**YOUR OBJECTIVE**
All the lines below need to be transcribed exactly. Pictures get left out.

**MATERIAL PROVIDED**

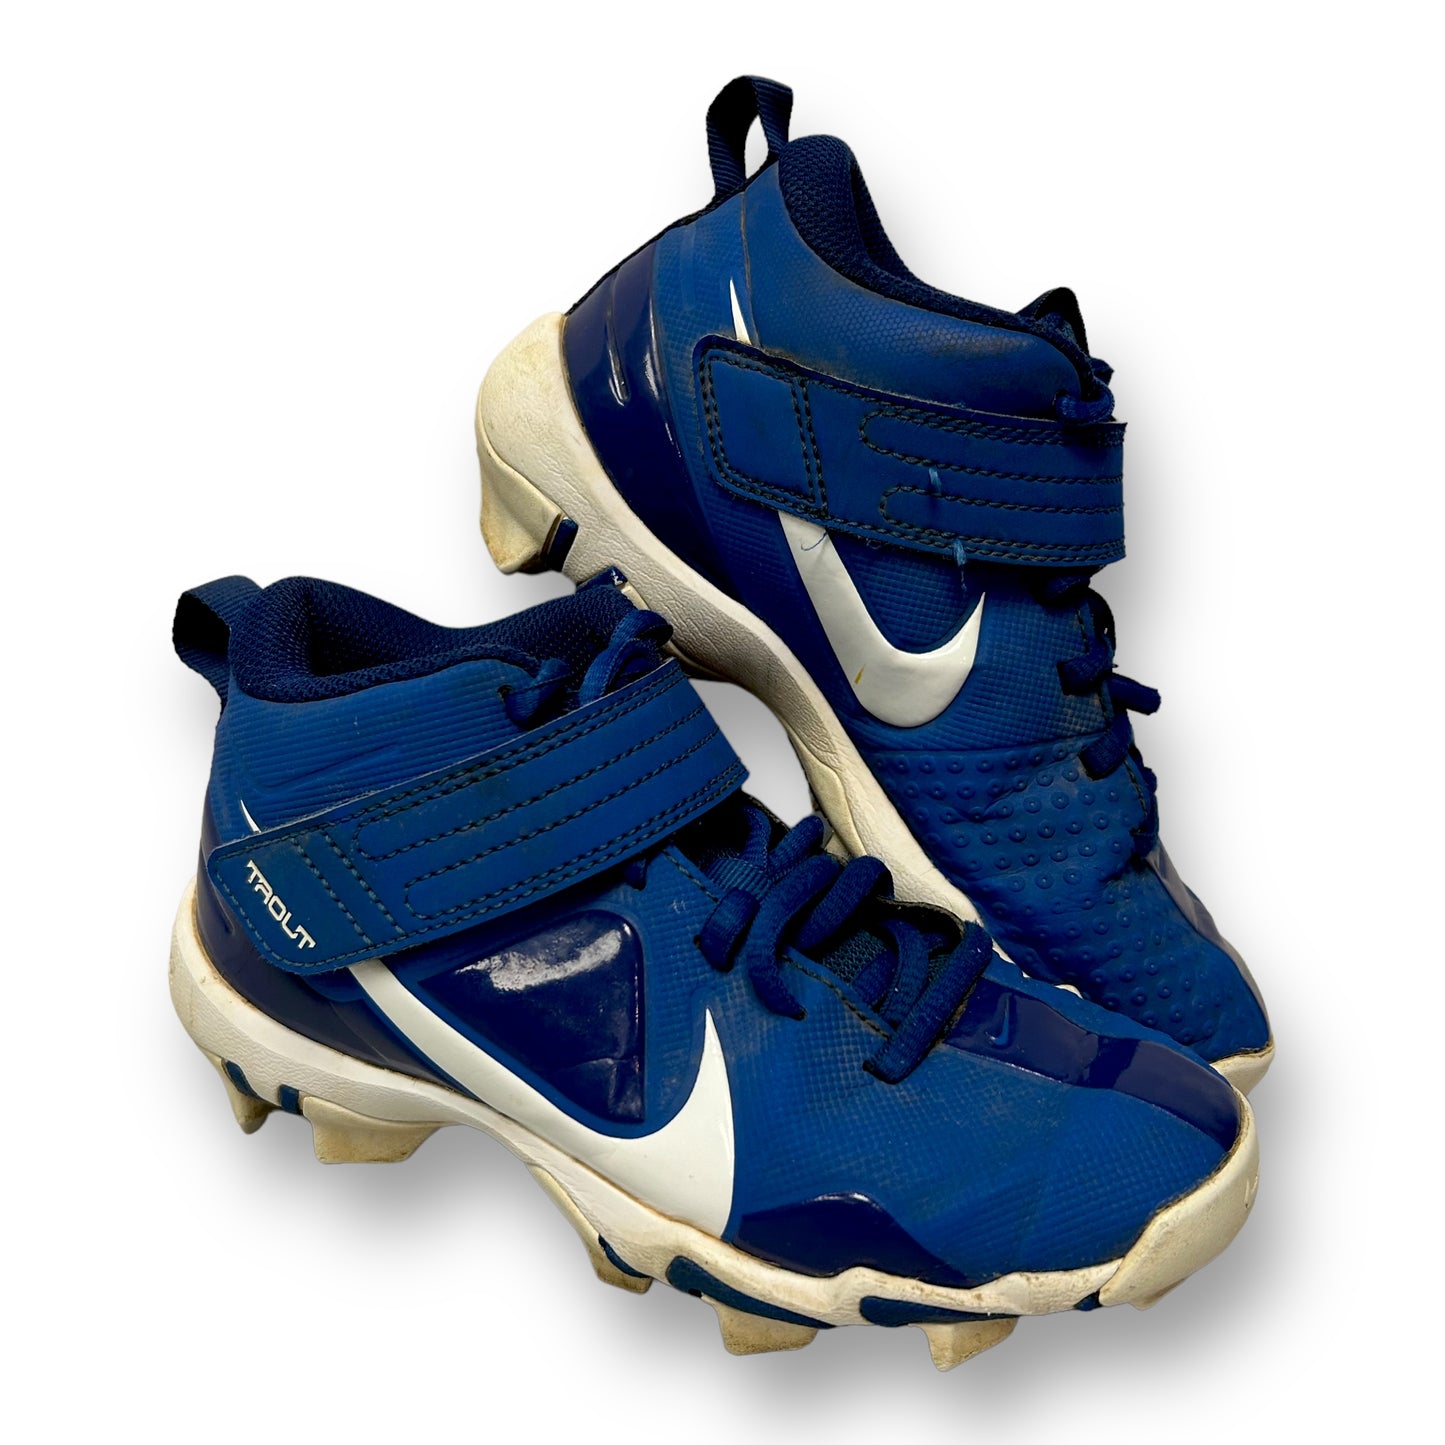 Nike Youth Boy Size 1 Blue & White Fastflex Trout Baseball Cleats
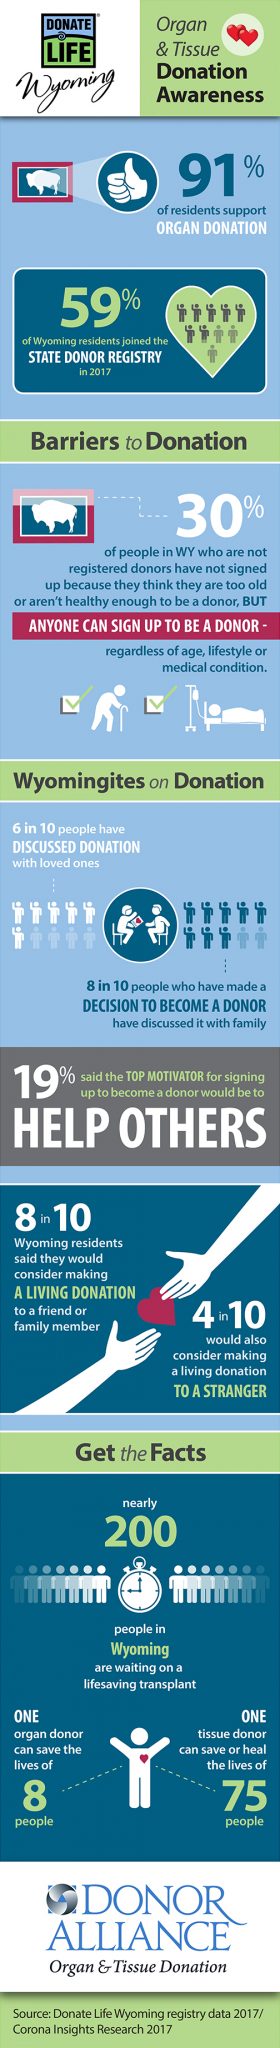 Organ donation awareness Wyoming
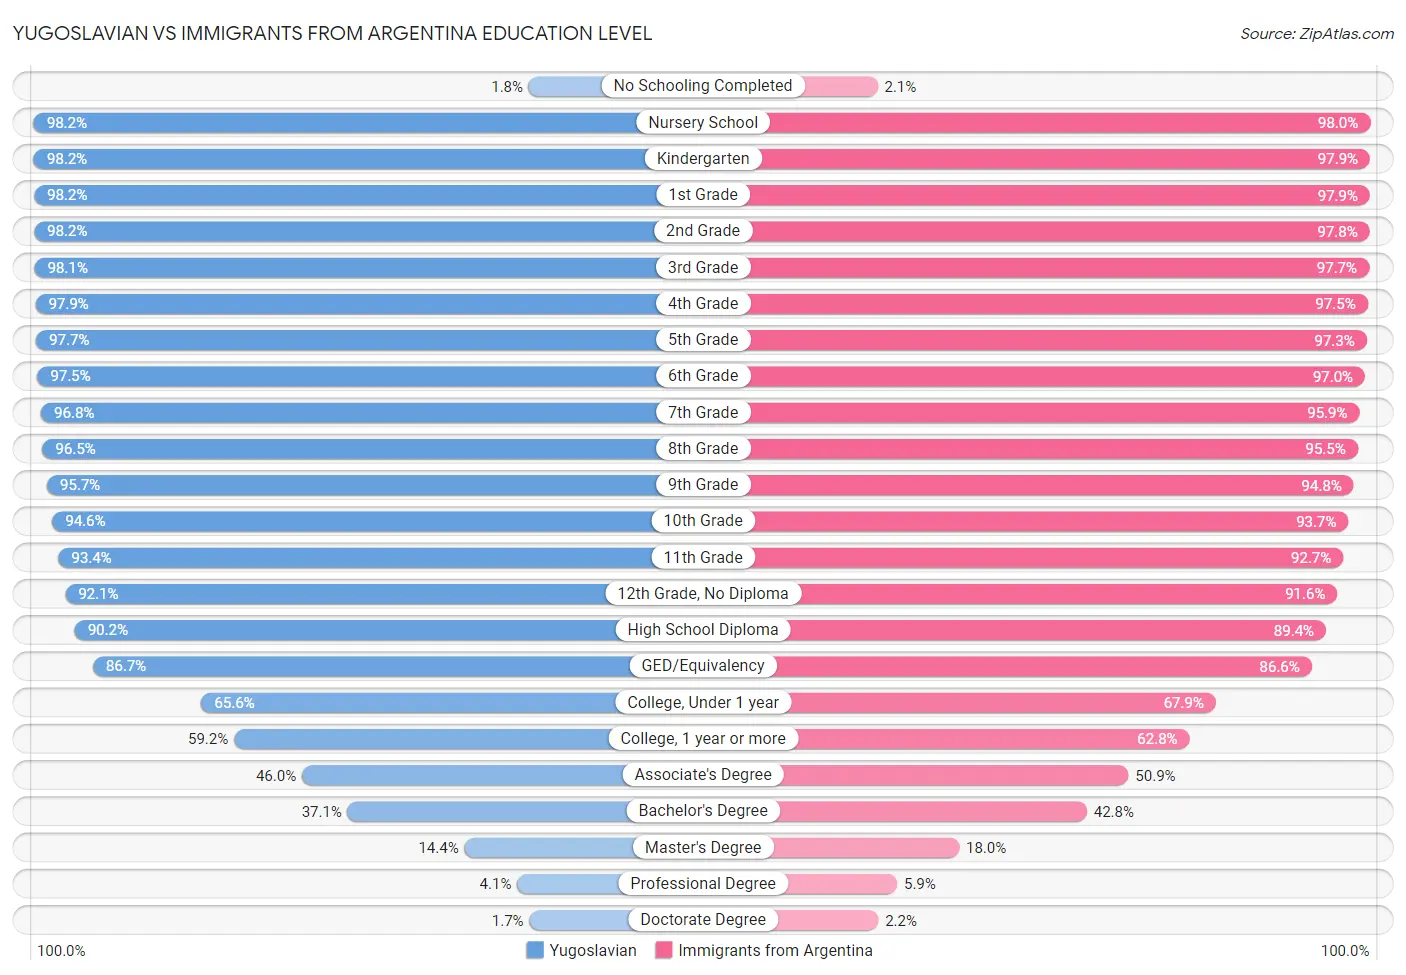 Yugoslavian vs Immigrants from Argentina Education Level

**RESPONSE BOX**
 Nike Youth Boy Size 1 Blue & White Fastflex Trout Baseball Cleats
 Organ donation awareness Wyoming
 Yugoslavian vs Immigrants from Argentina Education Level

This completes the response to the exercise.